Disappointingly, Fredriksen’s astute eschatological reading of Paul is burdened by the weight which she attaches to the problem of the delay of the End. I think this makes it harder to see the historical outworking of the apostolic vision.

4. To my mind, the era of Christendom is the obvious historical fulfilment of this expectation. The covenantal paradigm of curse and blessing, violence and restoration, has finally been dismantled. In its place, as an eschatological ideal, is the prophetic-apocalyptic vision of the peaceful rule of God over the nations of the Mediterranean world.

Does it matter that we are now voyaging beyond the biblical story? No. We have a clear sense of narrative direction. We have a clear sense of corporate identity and purpose. There is no reason to get lost.

From this point onwards, however, we are off the map of the biblical narrative, in dangerous, uncharted waters, and won’t find land again until we reach the other side of the ocean of history and a final putting right of all things.
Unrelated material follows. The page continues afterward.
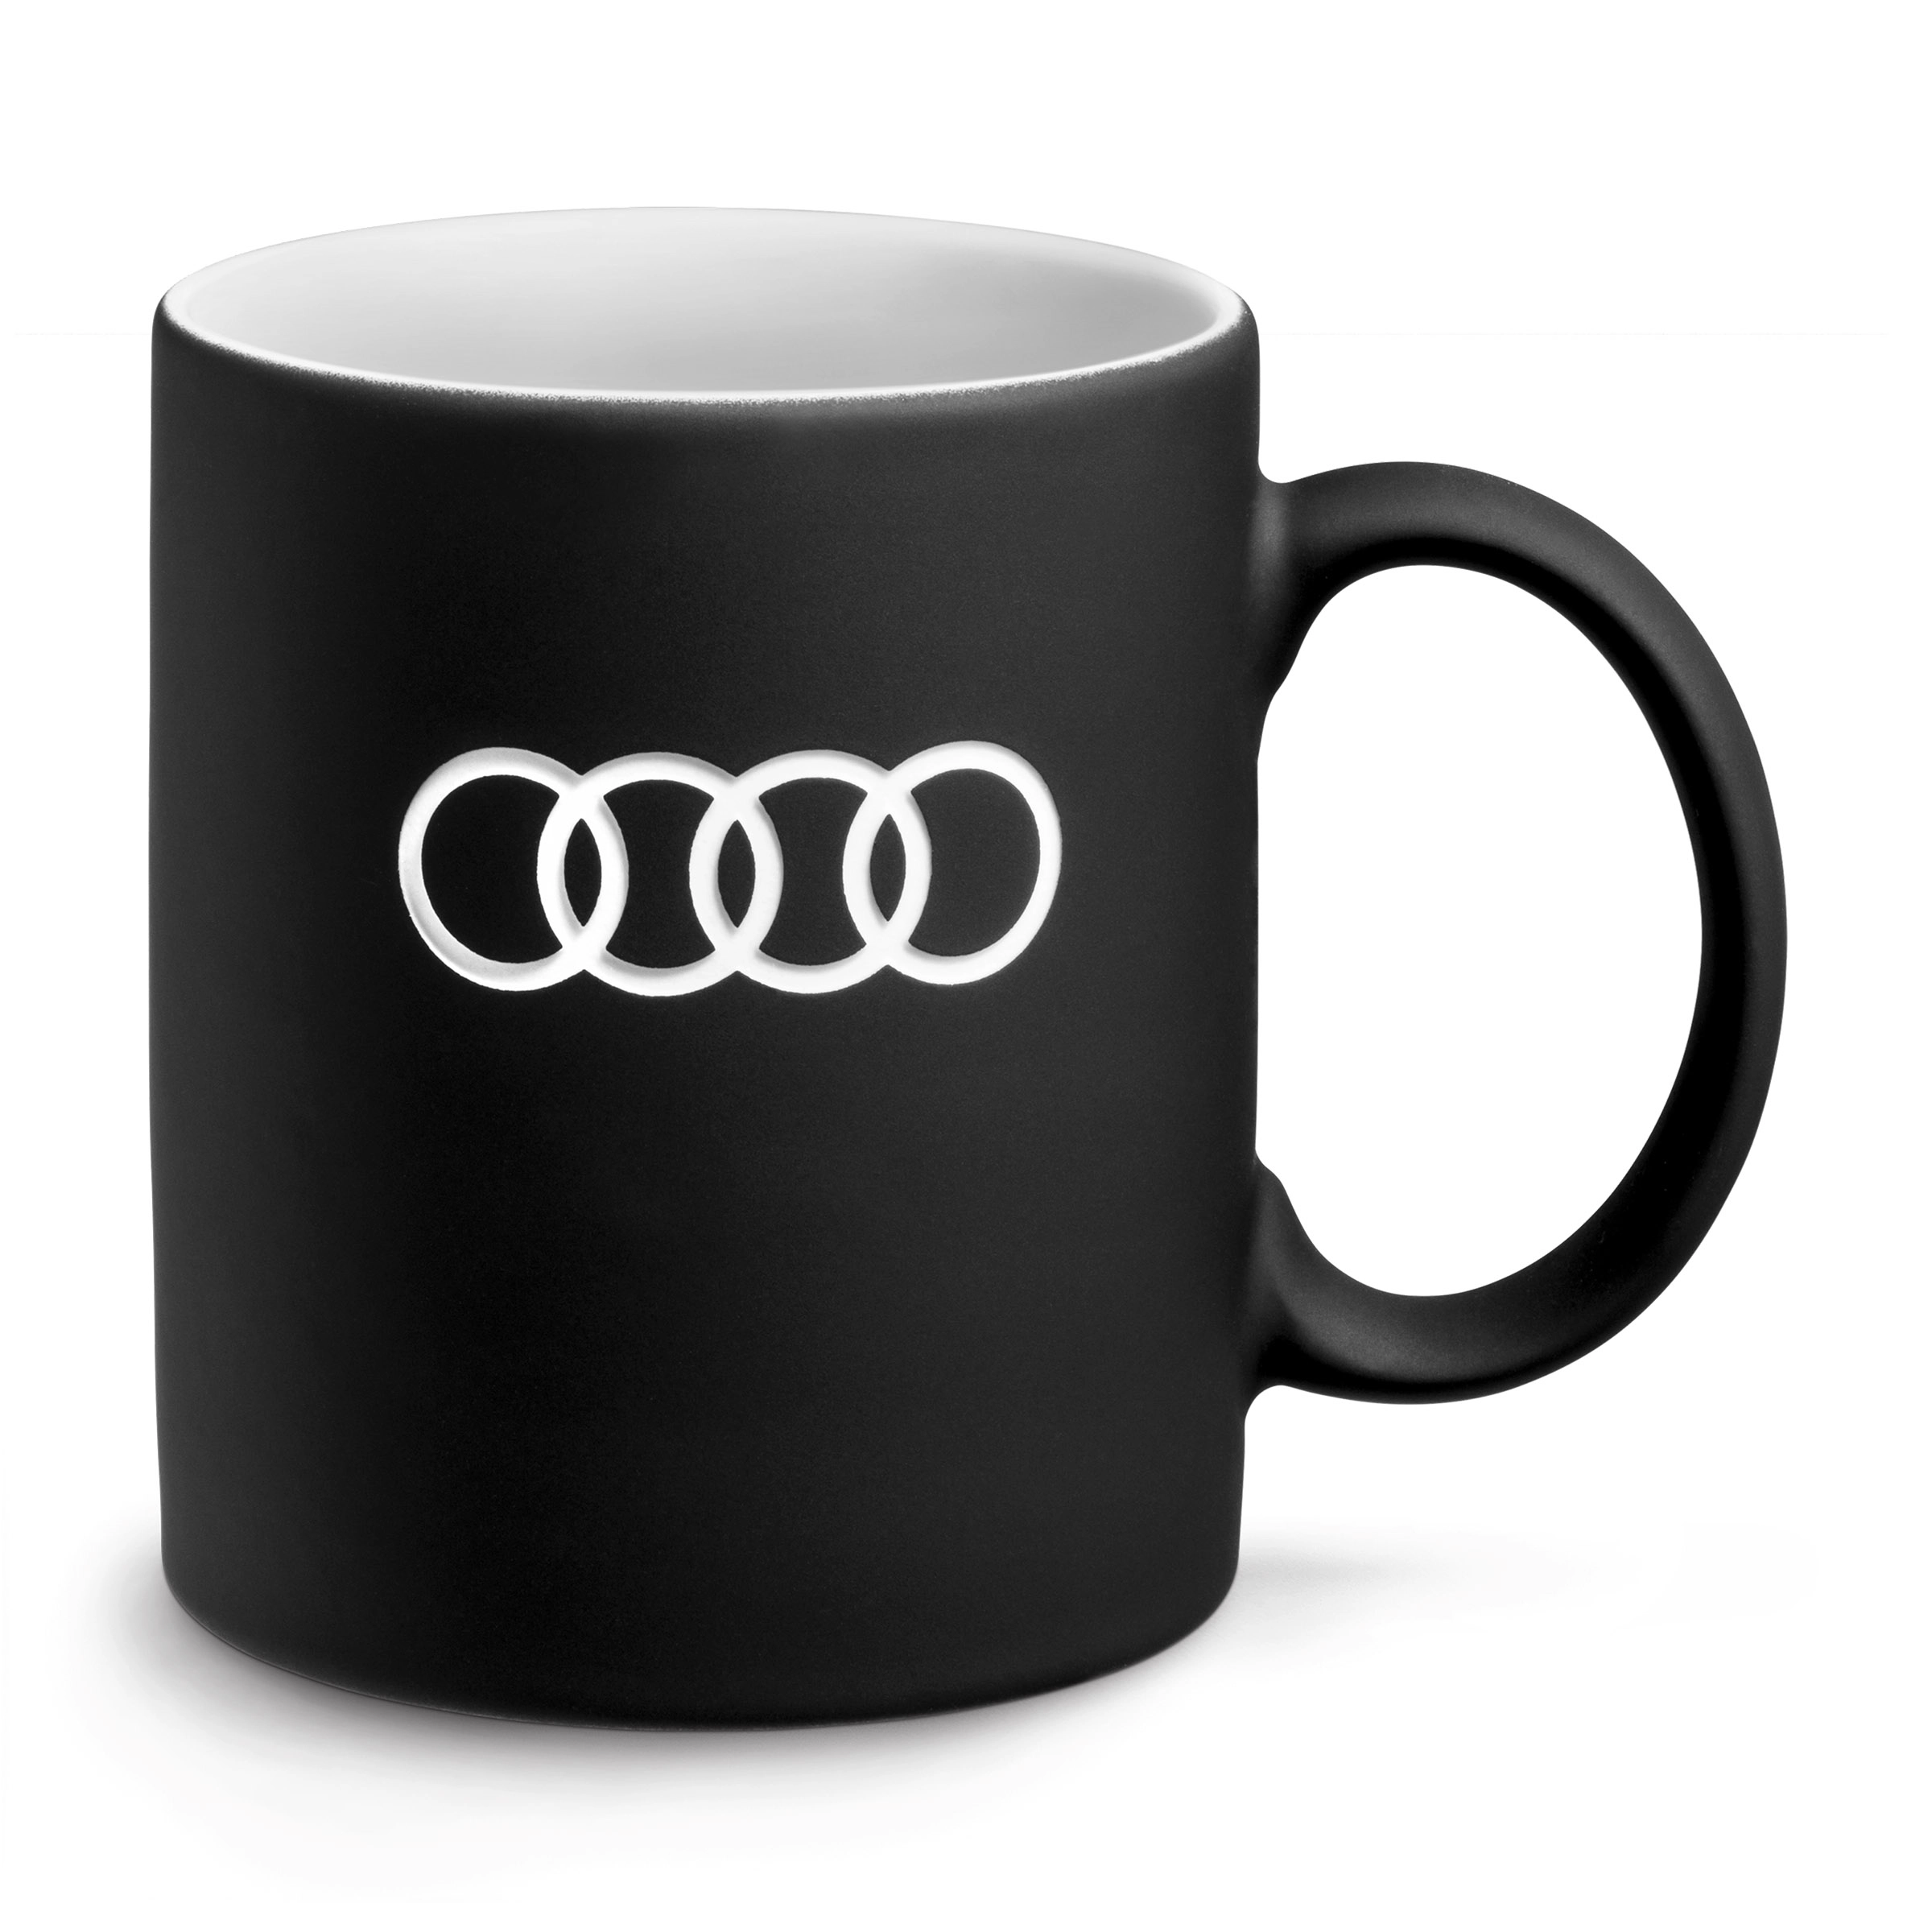 Audi Becher Ringe Kaffeebecher Teetasse Tasse schwarz 3291900500

5. Christendom as a concrete expression of the political sovereignty of the creator God collapsed following the triumph of Reason—and other stoicheia of the cosmos (cf. Col. 2:8)—in the 18th and 19th centuries. In the modern era the church in the West, and arguably globally, has been desperately experimenting with a range of ecclesiastical, missional and theological innovations (including the narrative-historical approach to scripture advocated here) in an attempt to rescue the situation.

6. It seems to me that for the foreseeable future the church will have to learn to function as a marginal but compelling witness to the good creator God under a rapidly evolving and increasingly alien global secularism.

7. What lies beyond this foreseeable horizon cannot be foreseen.

Does it matter that we are now voyaging beyond the biblical story? No. We have a clear sense of narrative direction: we are always moving towards new creation. We have a clear sense of corporate identity and purpose: the church is the priestly-prophetic people of the one true creator God, set apart to serve him, summoned to obedience, instructed in the ways of justice and compassion, governed by our risen and exalted Lord, guided in life not by the Law but by the Spirit, confident that its future is secure in his hands.

There is no reason to get lost.

Wes Burnham | Mon, 01/01/2018 - 20:41 | Permalink

How do we know that we aren’t somewhere in Rev. 20:7-9? It seems to me that this could be a drawn out historical process. Or am I missing something (entirely possible).

It’s a thought. It doesn’t quite read as a drawn out historical process to me, more or as rapid sequence of events, but it’s curious that John thought it necessary to include the idea that there would be a resurgence of global opposition to the people of God. Perhaps it is simply the recognition, as in Ezekiel 38, that even the restored people of God will not be permanently secure.